Through pollen collection, bees act concurrently as effective pollinators and herbivores, since both larvae and adults feed exclusively on pollen and nectar [1,2]. Like other herbivorous insects, bees display a high diversity of interactions with their host plants, from strict specialization (i.e., oligolecty, where bees collect pollen from flowers of a single genus, subfamily, or family) to broad generalization (i.e., polylecty, where bees exploit flowers of more than one plant family) [3,4,5]. Regardless of floral specialization, bees display numerous adaptations to discriminate among plant species and to enhance floral resource foraging [1,6,7,8], which can compromise the reproductive success of plants. For instance, bees can remove 95.5% of the pollen produced by flowers of Campanula rapunculus (Campanulaceae) [9] and some solitary species require the entire content of more than 30 flowers, even more than 1000 flowers, to feed a single larva [7]. In response to excessive pollen harvesting, flowering plants have drawn up complex defense mechanisms and adaptations. In fact, flowers have evolved several morphological traits that can be viewed as adaptations preventing excessive pollen harvesting by bees, such as heteranthery, nototribic flowers (i.e., dorsal anthers hidden in the upper lip of the flower, such as in Lamiaceae), keel flowers (i.e., ventral anthers hidden in a boat-shaped keel formed by the fusion of the two lower petals of the flower, such as in Fabaceae), floral tubes, poricidal anthers and progressive pollen release (reviewed in [8]).

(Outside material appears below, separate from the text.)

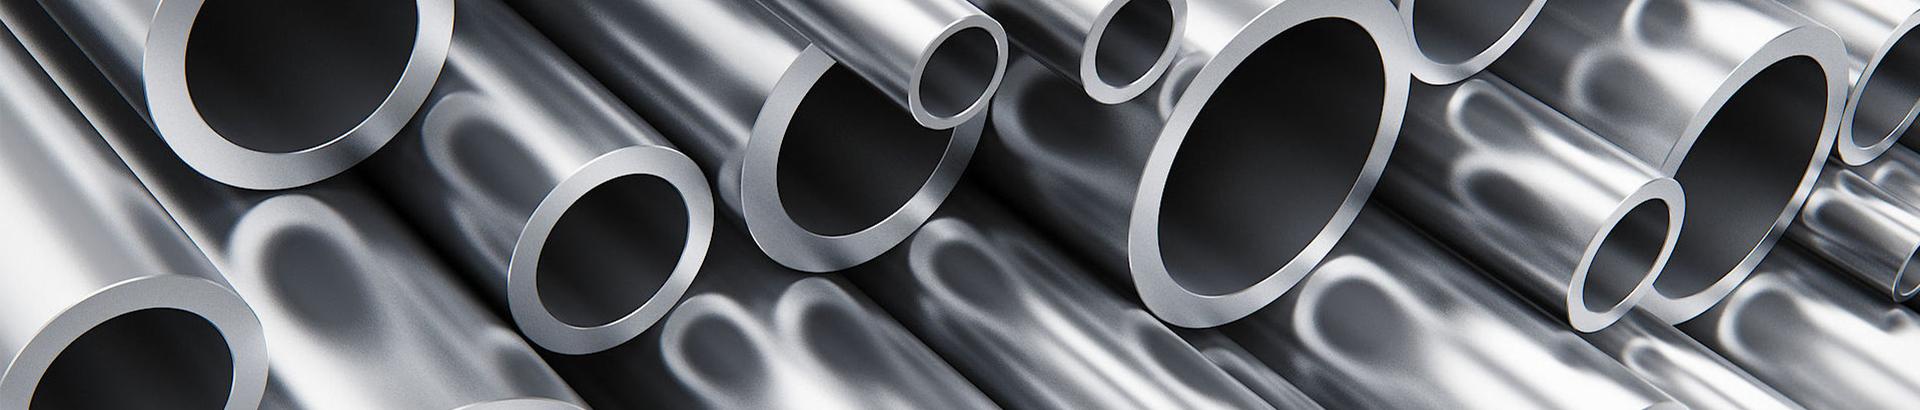 Global Steel Demand Rebounds In 2021

Selection may also act on pollen traits to narrow the spectrum of pollen feeding visitors. For instance, although Asteraceae are ubiquitous in most temperate habitats [10], they are only occasionally exploited by polylectic species such as Bombus [11,12] and Colletes [4] (i.e., Asteraceae paradox [4]). This Asteraceae avoidance cannot be explained by complex floral morphology, since compound inflorescences ensure an easy access to both pollen and nectar over an extended time period [4]. The failure of several unspecialized bee species to develop on Asteraceae pollen rather suggests that it may possess unfavorable or protective properties so that bees might require physiological adaptations to use it [13,14,15,16,17,18,19]. Although Asteraceae pollens are known to have low protein content, this is seemingly not the only reason for the inadequacy of their pollen [20]. The pollen may actually lack other essential nutrients, contain toxins, or display a low digestibility [4,13,17,20,21,22]. Such pollen protections probably shape bee–flower interactions to lead to a narrowing of the spectrum of pollen-feeding visitors in Asteraceae. 

It is largely assumed that the synthesis of secondary metabolites constitutes a complex system of chemical defenses in plants against herbivorous insect attacks [23,24]. Although these chemical compounds are mainly studied in vegetative parts, some obviously occur in nectar and pollen of flowering plants, with bee pollinators then exposed to their biological activities [24,25,26,27,28,29,30,31,32]. For instance, sesquiterpene lactones are characteristic secondary metabolites in Asteraceae [33], with high chemotaxonomic specificity [34]. Although they probably have evolved as defense through their deterrence to herbivores [35], they also occur in pollen [36] and may display insecticidal activities [37]. Among chemical defenses, constraints could also act through nutrient availability. Although proteins are often regarded as a reference in terms of nutritional quality, lipids are also important [38,39,40,41], including sterols, essential compounds in bee physiology (e.g., pupation, ovary development) that are exclusively exogenous [42,43]. The fact that ∂7-sterols often occur in Asteraceae pollen in higher proportions than more common and usable sterols (i.e., 24-methylenecholesterol, ß-sitosterol, and ∂5-avenasterol) may indicate a defense mechanism against excessive pollen harvesting [22]. In addition to these variations of pollen primary and secondary metabolites, pollen also varies in its wall resistance properties, which may result in incomplete digestion. Transmission electron microscopy has revealed that Asteraceae pollen possesses a thick multilayer wall [44], which might inhibit the extraction of nutrients and act as a mechanical defense [17,21]. Despite these hypotheses, it is unclear why Asteraceae pollen is unsuitable for most bee species and the Asteraceae paradox remains unsolved. In the present study, bumblebee micro-colonies (Bombus terrestris L.) were forced to feed on different diets (Fig. 1) to investigate the unfavorable properties of Taraxacum pollen. From the observed patterns in foraging behavior, larval development, and digestive damages, we infer possible mechanical or chemical protective properties of Asteraceae pollen.